医生拍了拍陈聆的肩膀,提醒道:“不要给她刺激。”

    陈聆终于起身,一步一步退到病房门口。

    病房里安静了下来。

    陈郁费力地偏首,看向了另一个方向。

    “惜桐。”她低低唤道。

    背着光的墙角处,纪惜桐的身影缓缓浮现。

    她用飘渺如空气的指节扣住了陈郁的手,眸中覆着泪光。

    “阿郁。”在陈郁听不到的世界里,纪惜桐哑声道。

    陈郁目光涣散,她顿了许久说道:

    “我好累。”

    “阿郁……”

    纪惜桐用透明的指节擦拭着她眼角的泪痕,泣不成声。

    “我撑不住了。”

    陈郁苦笑着缓缓道:“你放我走吧。”

    爱人亡故的这十年,陈郁的心早已千疮百孔,灵魂早已空洞。

    上天给她开了个莫大的玩笑,陈郁被命运裹挟着苦熬已久。

    从顾言音家出来时,走下是石阶的每一步,陈郁都感觉到了无尽的悲凉。

    哀莫大于心死。

    陈郁真的力竭了,她不想再抓着这根一触即断的救命稻草了。

    她恨自己没有早点发现纪惜桐的死存在着隐情,恨自己没有早点了解一切,而是傻傻地守着这一切,麻木地度过了这漫长的十年。

    “阿郁。”纪惜桐摩挲着她的掌心,啜泣道,“死亡真的很痛苦——”

    从混沌中苏醒的那段时间,纪惜桐没有思绪,没有记忆,唯一拥有的只有内心最深处的牵引。

    她浑浑噩噩地游荡,找不到回家的路,也不知道自己的归宿到底在何方。她只得跟着那道牵引,四处寻找一个叫阿郁的人。

    纪惜桐不知道阿郁是谁,也不知道自己该如何寻找归家的路。

    她茫然地环顾周遭的一切,眼神空洞,已经流不出眼泪了。

    心脏缺了一块,空荡荡的。

    就这样飘荡了许久,纪惜桐来到了一间小小的公寓。

    她在墙角立着,看到了一个掩面流泪的女人。

    女人抬头的刹那,纪惜桐看到了她的眼睛,混沌的思绪有些许清明。

    眼泪在不知不觉间落下,心底有道声音告诉她,这是她心爱的阿郁。

    与她相携度过八年美满时光的妻。

    纪惜桐看着她蜷缩着痛哭。她哭得那样绝望,哭得纪惜桐的心脏被沉闷的窒息感吞没了。

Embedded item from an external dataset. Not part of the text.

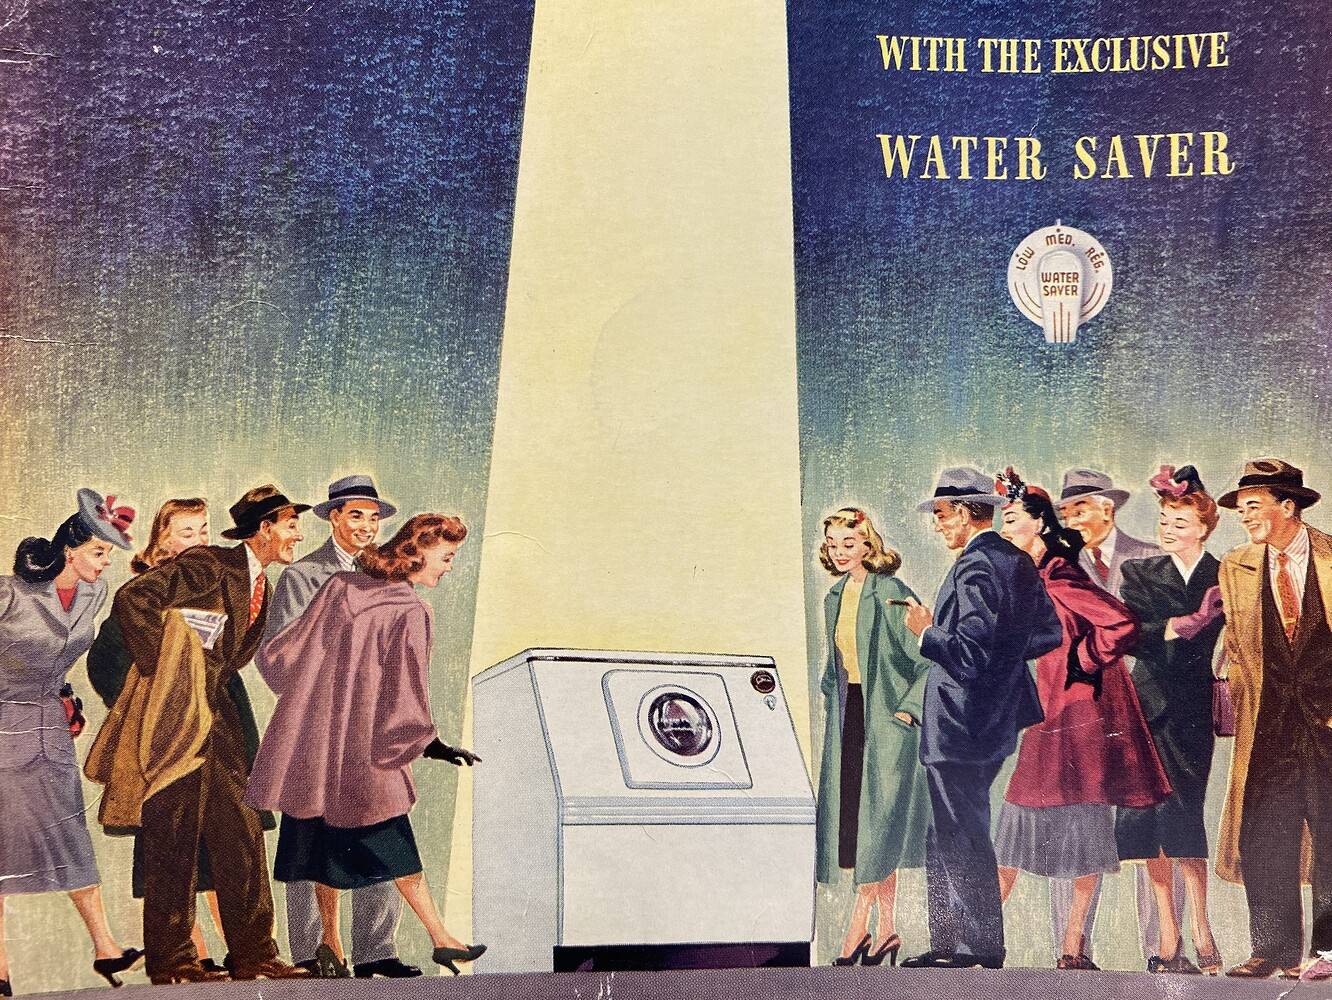 Close up of the cover of a Westinghouse Laundromat washing machine brochure. It features a laundry washing machine in the center with a spotlight shining on it while several Caucasian men and women  in suits and dresses marvel at it.

    她想像过去那样拥抱她的阿郁,告诉她自己就在她的身边,可虚无缥缈的躯体却没有任何温度和力量。

    纪惜桐忽然意识到,自己已经死了。

    她的躯体被焚化成了灰烬,埋葬在了阴冷潮湿的土地下。

    她和她的阿郁已经阴阳两隔了。

    熬过那混沌的七天并不是什么幸运的事情,随着记忆和思绪的恢复,痛苦如潮水般淹没她。

    忘记其实是上苍最大的仁慈,如果难以忘却——

    那么,思念就会成为常态。

    从此,痛苦伴会随着魂魄未曾消散的每一分,每一秒。

    看着心爱的人崩溃,自己却无能为力是一件无比绝望的事情。

    纪惜桐只能在她哭累了睡着后靠近她。

    她用虚无飘渺的指节轻抚陈郁紧蹙的眉心,温柔地拭去她面颊的泪痕。

    做完这一切,她像过去那样,一枚一枚扣下指节。

    虽然没有触感,但她内心稍有慰藉。

    起码在此刻,她和阿郁是十指相扣的。

    她的阿郁用了很长很长的时间似乎才脱离了这样的悲痛。

    纪惜桐看着她披上了冷漠疏离的伪装,又看着她在自己相片前发呆。

    每个周六的下午,她的阿郁都会去墓园看望她。

    她记得她喜欢花,每次都会带上一束新鲜的百日菊。

    阿郁面着墓碑垂眸,纪惜桐就立在她旁听着她说话。

    日复一日,年复一年。

    纪惜桐收不到了数不清的百日菊。

    而送她百日菊的人,说的话却越来越少了。

    她逝世十周年忌日前,陈郁再次一次来到墓园。

    这一次她陪她说了许多话。

    她说她累了,很想好好休息一次了。

    纪惜桐敏锐地觉察到了她话里的深意。

    她竭尽全力阻止陈郁奔赴死亡,直至雨夜的坠江。

    那时纪惜桐就坐在她身侧。

    她在阴暗里歇斯底里地呐喊哭泣,她像要抢夺陈郁的方向盘,指节却一次有一次穿过,根本触碰不到它。

    “阿郁——”

    纪惜桐绝望地嘶吼,一遍又一遍的呼喊着她的名字,企图唤回她一丝理智。

    可是陈郁根本听不到。

    车辆撞破护栏的时刻,纪惜桐只能用努力了十年才幻化出的一点力量护住她,挡住了些许冲击。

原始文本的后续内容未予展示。